Adverse Events and Management:
In all patients, anesthesia level was assessed based on a BIS score of 40-60. Moderate hypertension (>120% of baseline) or hypotension (<80% of baseline) was treated by increasing or decreasing rate of propofol infusion with fluid supplement. Severe hemodynamic change (systolic pressure < 90 mmHg or > 200 mmHg) was controlled by intravenous (IV) administration of phenylephrine 50 mcg or nicardipine 250 mcg repeatedly until being hemodynamic stable status. Unexpectedly, when hiccup or self-contained respiration was showed, additional rescue dose of NMBAs was administrated to the patient even though T1/T4 ratio was lower than 25%.
Statistical Analysis:
All data are expressed as means ± standard deviations (SDs), numbers (percentages), or medians (upper and lower quartiles), as appropriate.
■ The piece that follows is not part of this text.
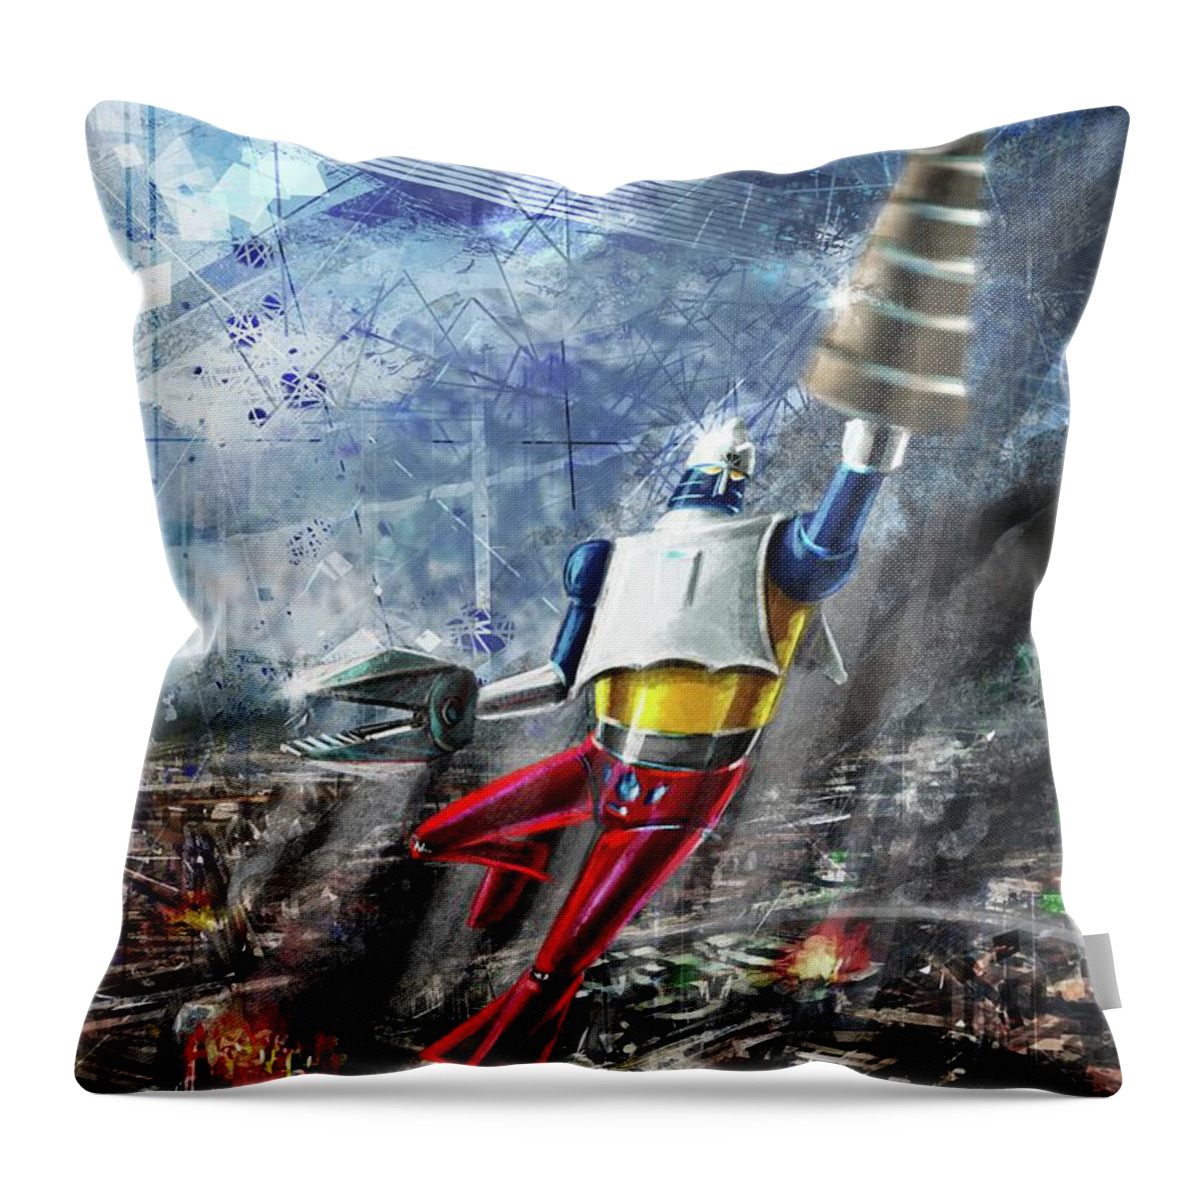 Sci-fi Throw Pillow featuring the digital art Getter2 by Andrea Gatti
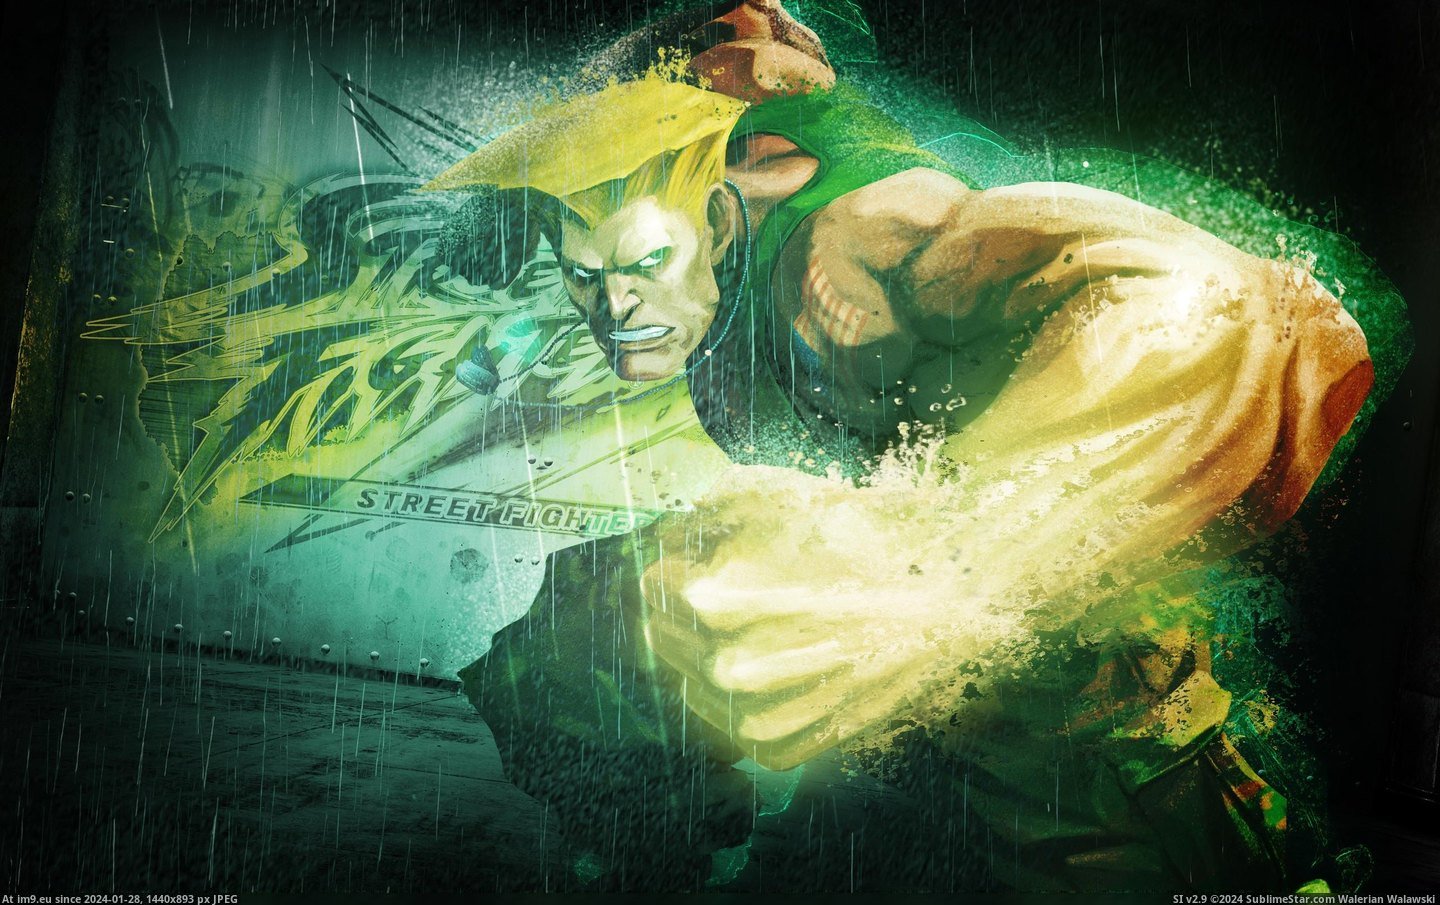 #Wallpaper #Wide #Guile #Street #Fighter Guile In Street Fighter Wide HD Wallpaper Pic. (Bild von album Unique HD Wallpapers))

Data between the groups were compared using the χ2 test, Fisher exact test, independent t test, or the Mann-Whitney U test, as appropriate. To assess data normality, the Kolmogorov-Smirnov test was performed on the data set. According to a preliminary study, 24 patients would be required in each group with a power of 0.9 and a type I error of 0.05. Factoring in a drop-out rate of 10%, the investigators calculated that 27 patients would be required for each group. All statistical analyses were performed with the SPSS 18.0 (SPSS Inc., Chicago, IL, USA) program. A P value <0.05 was considered statistically significant.